The development of melanoma is closely related to somatic and epigenetic changes. Different mutations have been implicated in its pathogenesis and evolution. Recent genomic classification subdivides melanoma into 4 major subtypes based on the pattern of the most prevalent significantly mutated genes: mutant BRAF, RAS, NF1 and triple-WT (wild type) (15). Advances in molecular pathology and assessment of genetic biomarkers are increasingly used in clinical practice for diagnosis, personalized treatment and the prognosis of melanoma. Modern treatment guidelines are focused on the assessment of genetic biomarkers of melanoma (1,16,17).
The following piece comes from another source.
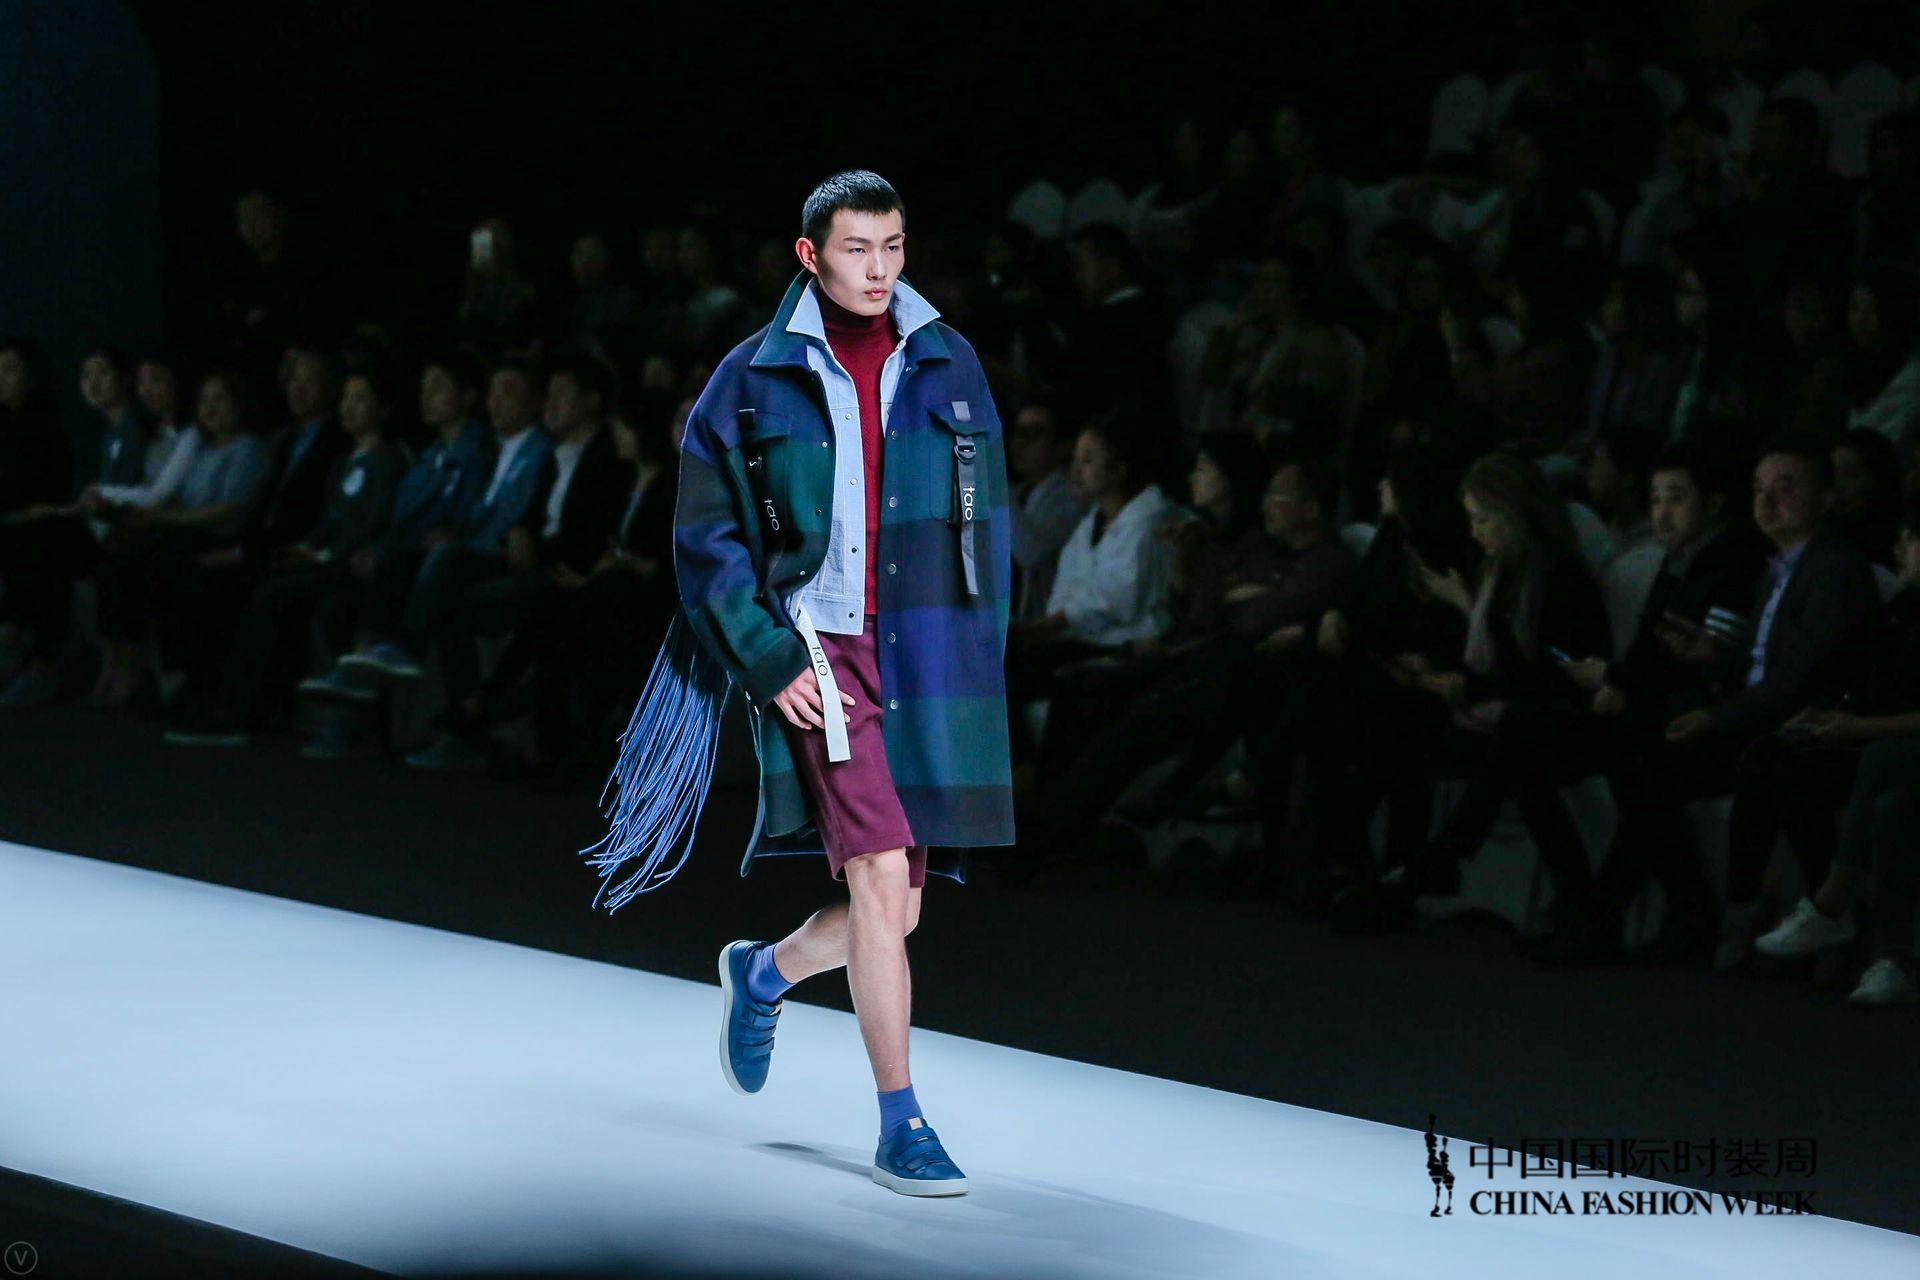 设计师王陶携手ECCO首次亮相中国国际时装周,和《华丽志》谈:跨界、态度和学习

The assessment of the BRAF gene mutation is of particular importance (3). BRAF mutations are observed in 40–60% of all primary malignant melanoma cases (1620). The BRAF mutation is usually observed in younger patients, in non CSD skin and in superficial spreading melanoma, whereas NRAS mutational melanoma were characterized for nodular subtype and CSD skin (1,1620). The BRAF gene is located on chromosome 7 and encodes a cytoplasmic serine-threonine kinase. BRAF plays a role in MAP-kinase (MAPK) pathway activation, contributing to cellular growth, differentiation, survival and proliferation (21). The mutations of the BRAF gene are generally located in codon 600 of the BRAF gene. The most common mutation observed in up to 90% of cases, resulted of transversion of T to A at nucleotide 1,799 position (T1799A). Less common mutations included substitutions of V for lysine (V600K), arginine (V600R) and leucine, V600M (22). Previous studies showed that the BRAF V600E mutation is usually observed in younger patients and at the body extremities, whereas V600K mutations are associated with older patients and usually found at the head and neck (1419,23).

The RAS gene family includes genes that encode the G proteins which are responsible for: cell growth, proliferation and differentiation. RAS gene family consists of 3 main genes-NRAS, KRAS, and HRAS (15,19). The NRAS gene is most frequently mutated at hotspots in exon 2 (codons 12 and 13) and exon 3 (codon 61) (15,19). Recent evidence showed that in up to 20–30% of cases, NRAS mutations co-existed with BRAF mutations. Patients with both BRAF and NRAS mutations had poorer prognoses than those with the BRAF mutant melanoma alone (2426). Generally, NRAS mutations are independent of BRAF mutations, but dual expression has been reported (25). The association of NRAS mutations with the degree of solar elastosis suggests that NRAS is closely related to the mutations induced by UV irradiation. Previous studies showed that the NRAS mutation is also associated with decreased immune responses in peritumoral melanoma tissue and a more advanced tumor stage (26). However, the association of NRAS mutational status with histopathological characteristics in early-stage melanoma is still poorly understood.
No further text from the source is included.